Search code examples
pythonjsonstringtypeerrormlflow

MLflow: ModelSignature.from_dict() throws TypeError: string indices must be integers


I'm trying to create a ModelSignature in MLflow using the ModelSignature.from_dict() function. This is my code:

from mlflow.models import ModelSignature

signature_dict = {
    "inputs": '{"messages": [{"content": "string","role": "string"}]}',
    "outputs": """{
        "question": "string",
        "history": [{"content": "string", "role": "string"}],
        "context": [
            {"metadata": {"url": "string", "id": 0.0}, "page_content": "string"}
        ],
        "answer": "string"
    }""",
    "params": "",
}

model_signature = ModelSignature.from_dict(signature_dict)

When I try to run the code it throws the following error:

TypeError: string indices must be integers

I've done quite some googling and testing, but since I can't get it to work, I seem to be missing something obvious.

EDIT: Here's the full stacktrace:

TypeError: string indices must be integers
File <command-2446400647160771>, line 16
      1 from mlflow.models import ModelSignature
      3 signature_dict = {
      4     "inputs": '{"messages": [{"content": "string","role": "string"}]}',
      5     "outputs": """{
   (...)
     13     "params": "",
     14 }
---> 16 model_signature = ModelSignature.from_dict(signature_dict)
     17 model_signature
File /databricks/python/lib/python3.10/site-packages/mlflow/models/signature.py:111, in ModelSignature.from_dict(cls, signature_dict)
     98 @classmethod
     99 def from_dict(cls, signature_dict: Dict[str, Any]):
    100     """
    101     Deserialize from dictionary representation.
    102 
   (...)
    109     :return: ModelSignature populated with the data form the dictionary.
    110     """
--> 111     inputs = Schema.from_json(x) if (x := signature_dict.get("inputs")) else None
    112     outputs = Schema.from_json(x) if (x := signature_dict.get("outputs")) else None
    113     params = ParamSchema.from_json(x) if (x := signature_dict.get("params")) else None
File /databricks/python/lib/python3.10/site-packages/mlflow/types/schema.py:465, in Schema.from_json(cls, json_str)
    462 def read_input(x: dict):
    463     return TensorSpec.from_json_dict(**x) if x["type"] == "tensor" else ColSpec(**x)
--> 465 return cls([read_input(x) for x in json.loads(json_str)])
File /databricks/python/lib/python3.10/site-packages/mlflow/types/schema.py:465, in <listcomp>(.0)
    462 def read_input(x: dict):
    463     return TensorSpec.from_json_dict(**x) if x["type"] == "tensor" else ColSpec(**x)
--> 465 return cls([read_input(x) for x in json.loads(json_str)])
File /databricks/python/lib/python3.10/site-packages/mlflow/types/schema.py:463, in Schema.from_json.<locals>.read_input(x)
    462 def read_input(x: dict):
--> 463     return TensorSpec.from_json_dict(**x) if x["type"] == "tensor" else ColSpec(**x)

Solution

  • To create a ModelSignature object from a dictionary in MLflow, you need to ensure that the dictionary is formatted according to MLflow's expected schema structure.
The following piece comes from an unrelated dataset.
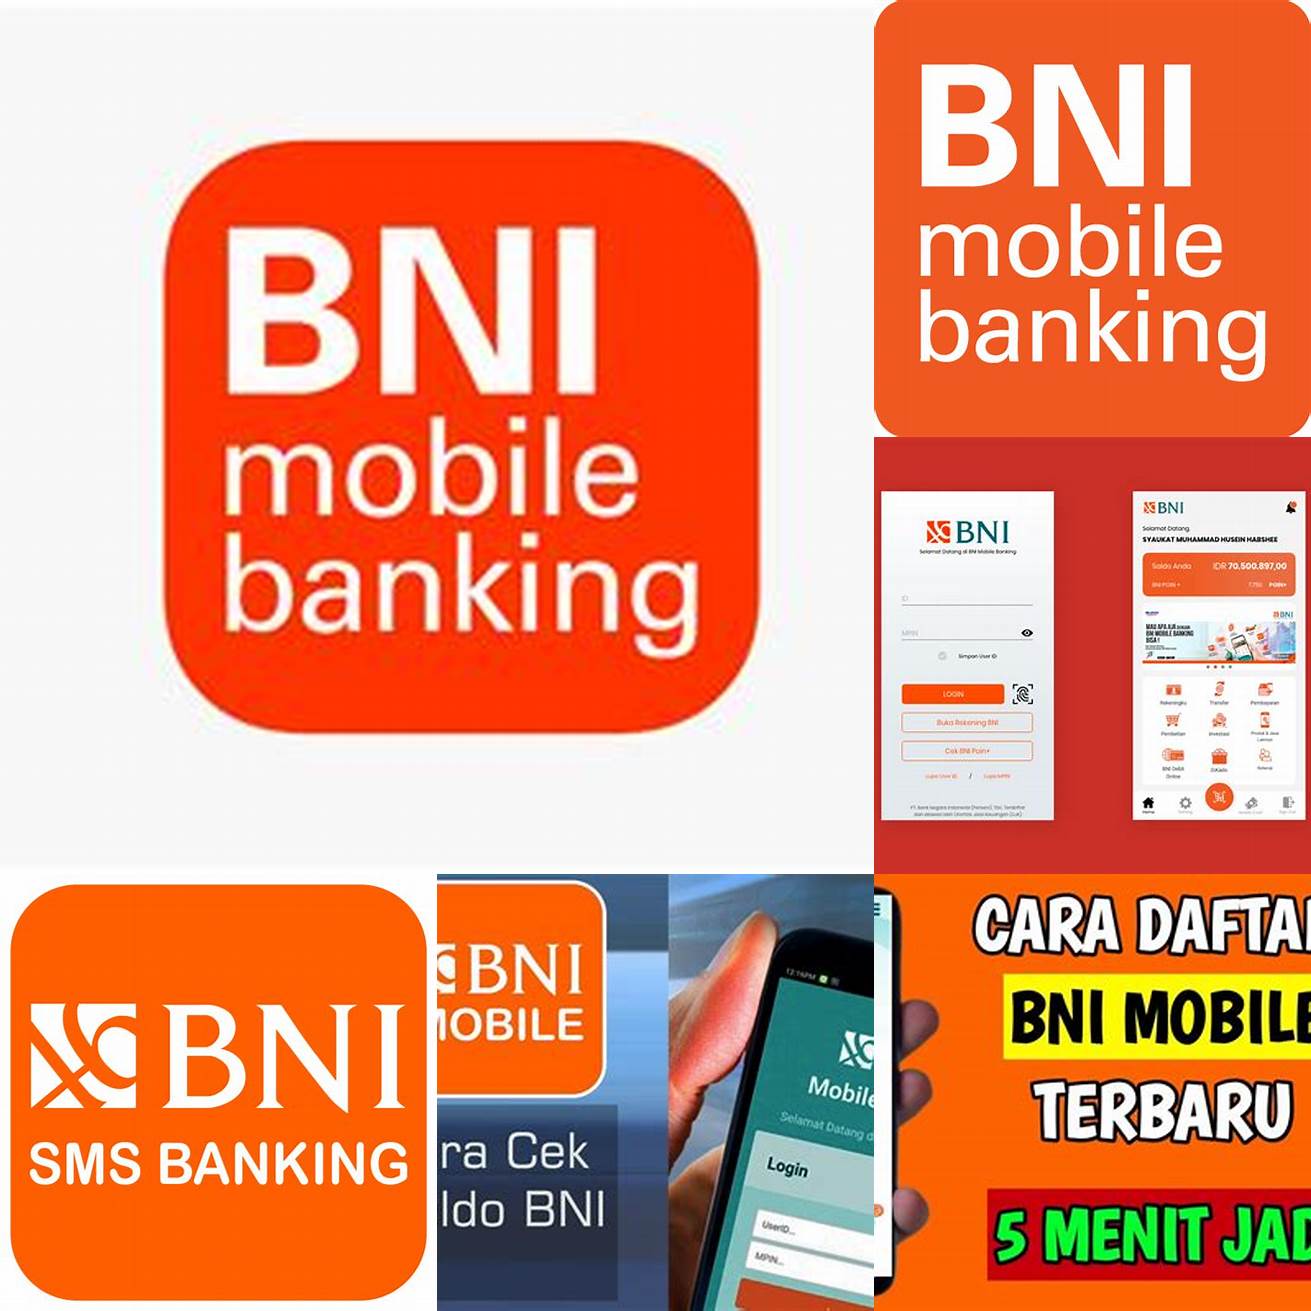 Unduh aplikasi BNI Mobile di App Store atau Google Play Store
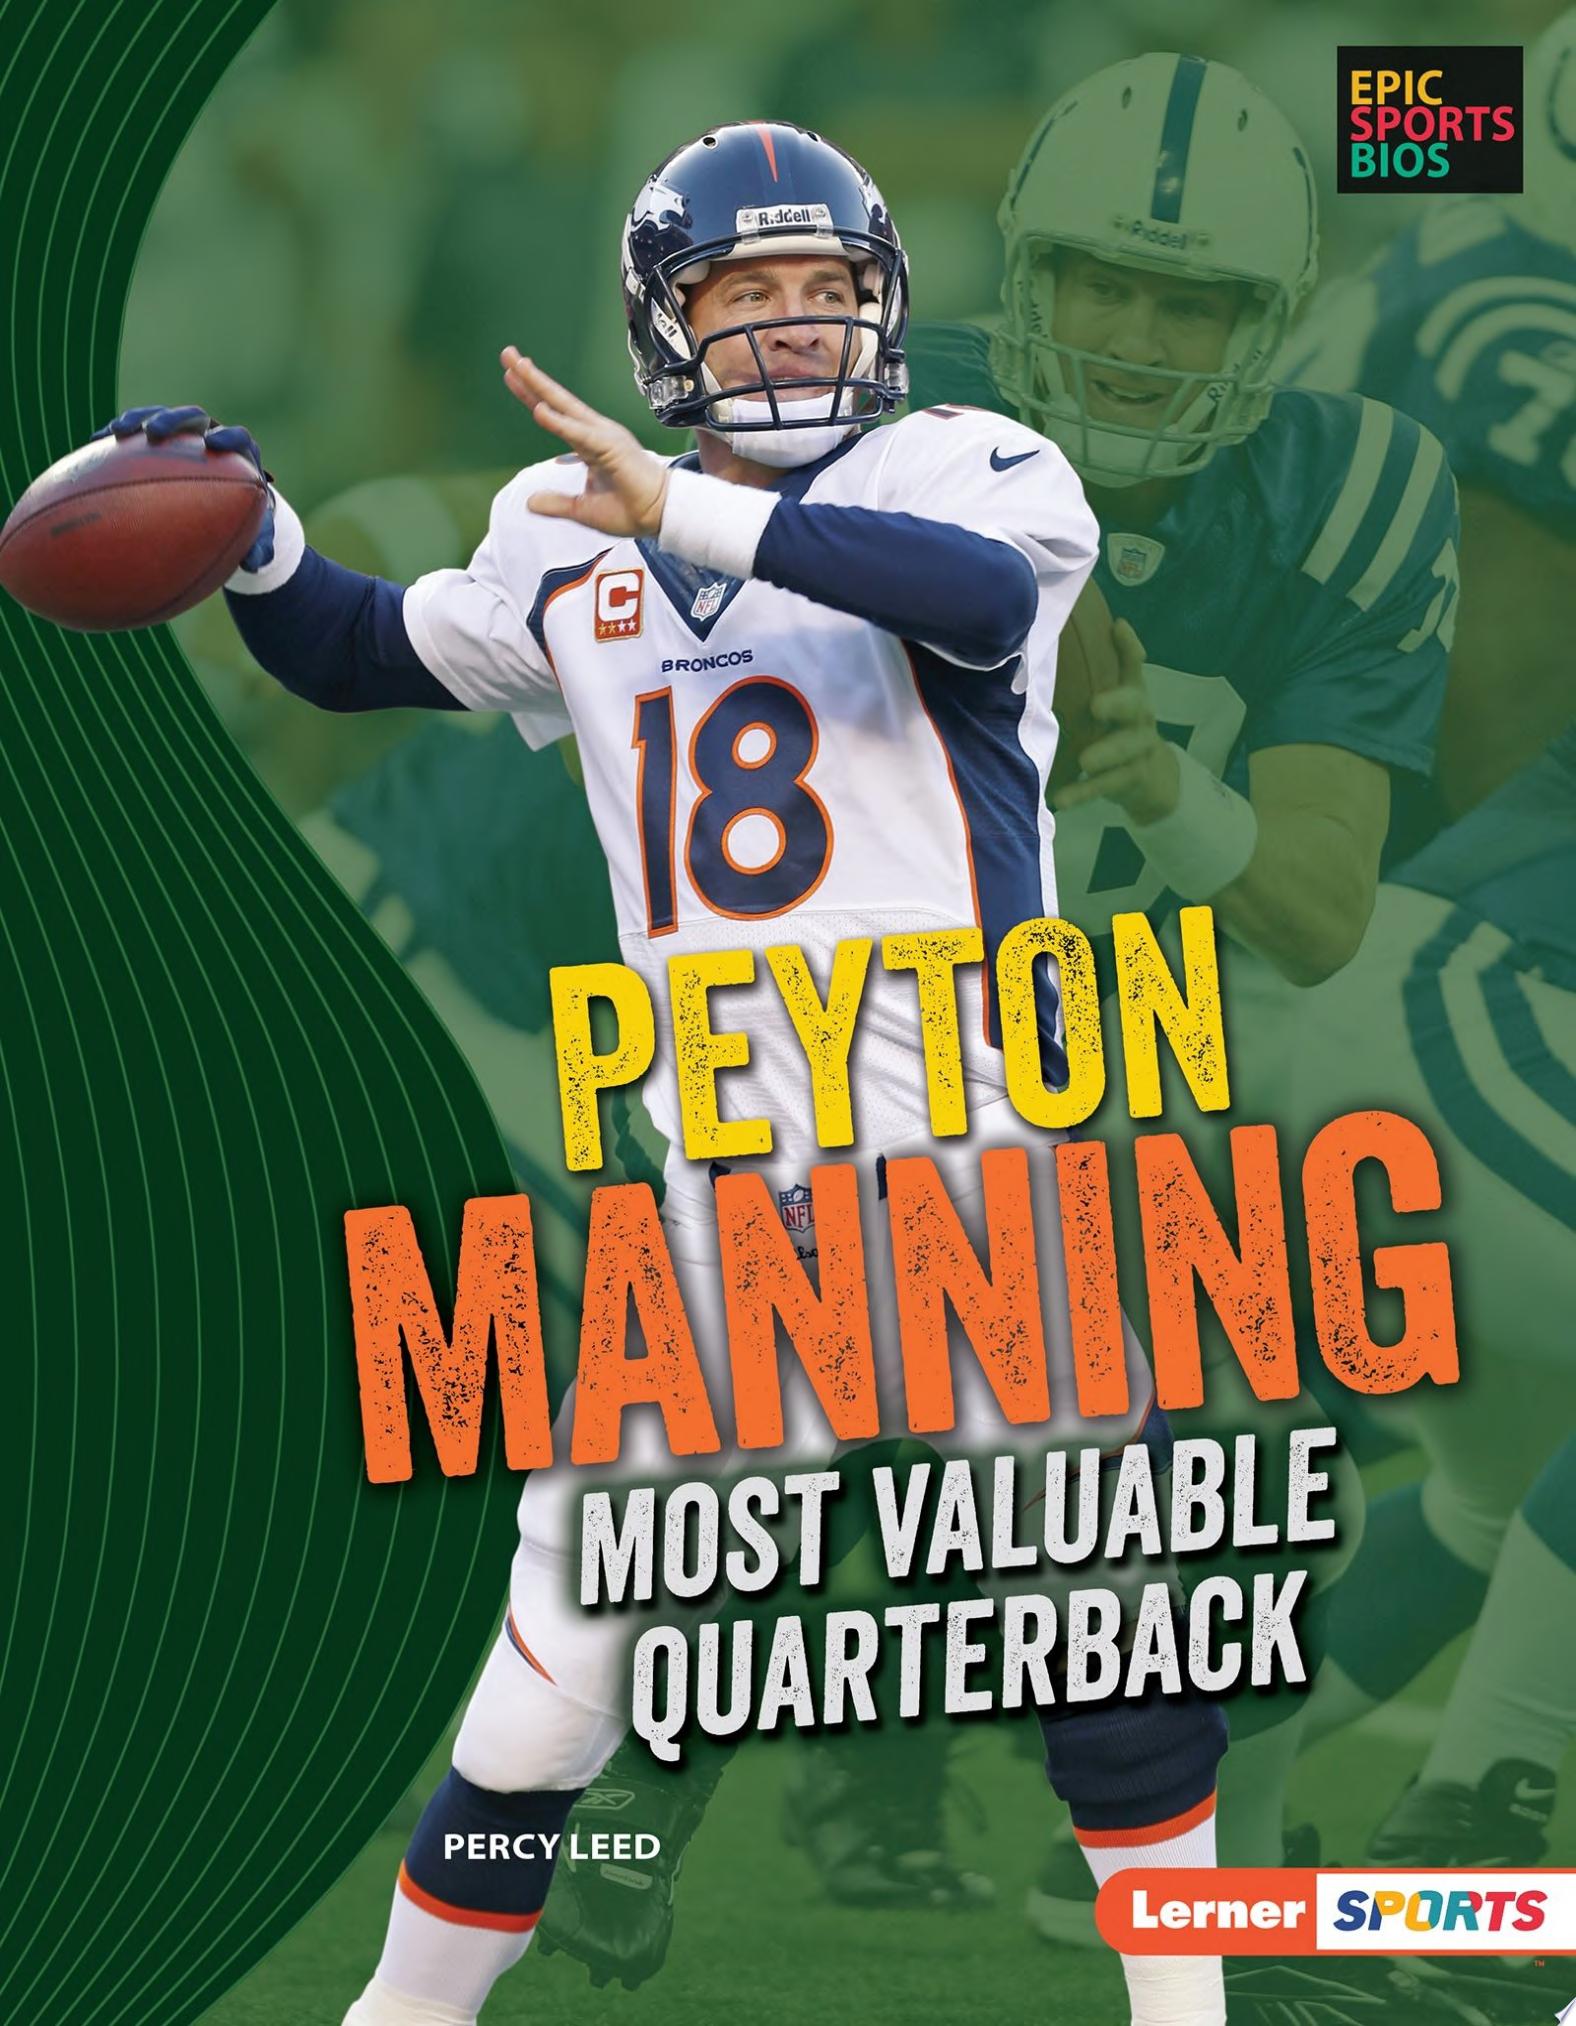 Image for "Peyton Manning"

The ModelSignature class expects the inputs and outputs to be instances of mlflow.types.Schema, which are composed of mlflow.types.ColSpec objects.

    Here's how you can adjust your dictionary and create a ModelSignature:

    1. Define the input and output schemas using mlflow.types.Schema and mlflow.types.ColSpec.
    2. Create the ModelSignature using these schemas.

    Here’s an example:

    from mlflow.models import ModelSignature
    from mlflow.types import Schema, ColSpec
    
    # Define the input schema
    input_schema = Schema([
        ColSpec("string", "messages.content"),
        ColSpec("string", "messages.role")
    ])
    
    # Define the output schema
    output_schema = Schema([
        ColSpec("string", "question"),
        ColSpec("string", "history.content"),
        ColSpec("string", "history.role"),
        ColSpec("string", "context.metadata.url"),
        ColSpec("double", "context.metadata.id"),
        ColSpec("string", "context.page_content"),
        ColSpec("string", "answer")
    ])
    
    # Create the ModelSignature
    model_signature = ModelSignature(inputs=input_schema, outputs=output_schema)
    
    

    By defining the schemas this way, you ensure that your ModelSignature is correctly structured and compatible with MLflow.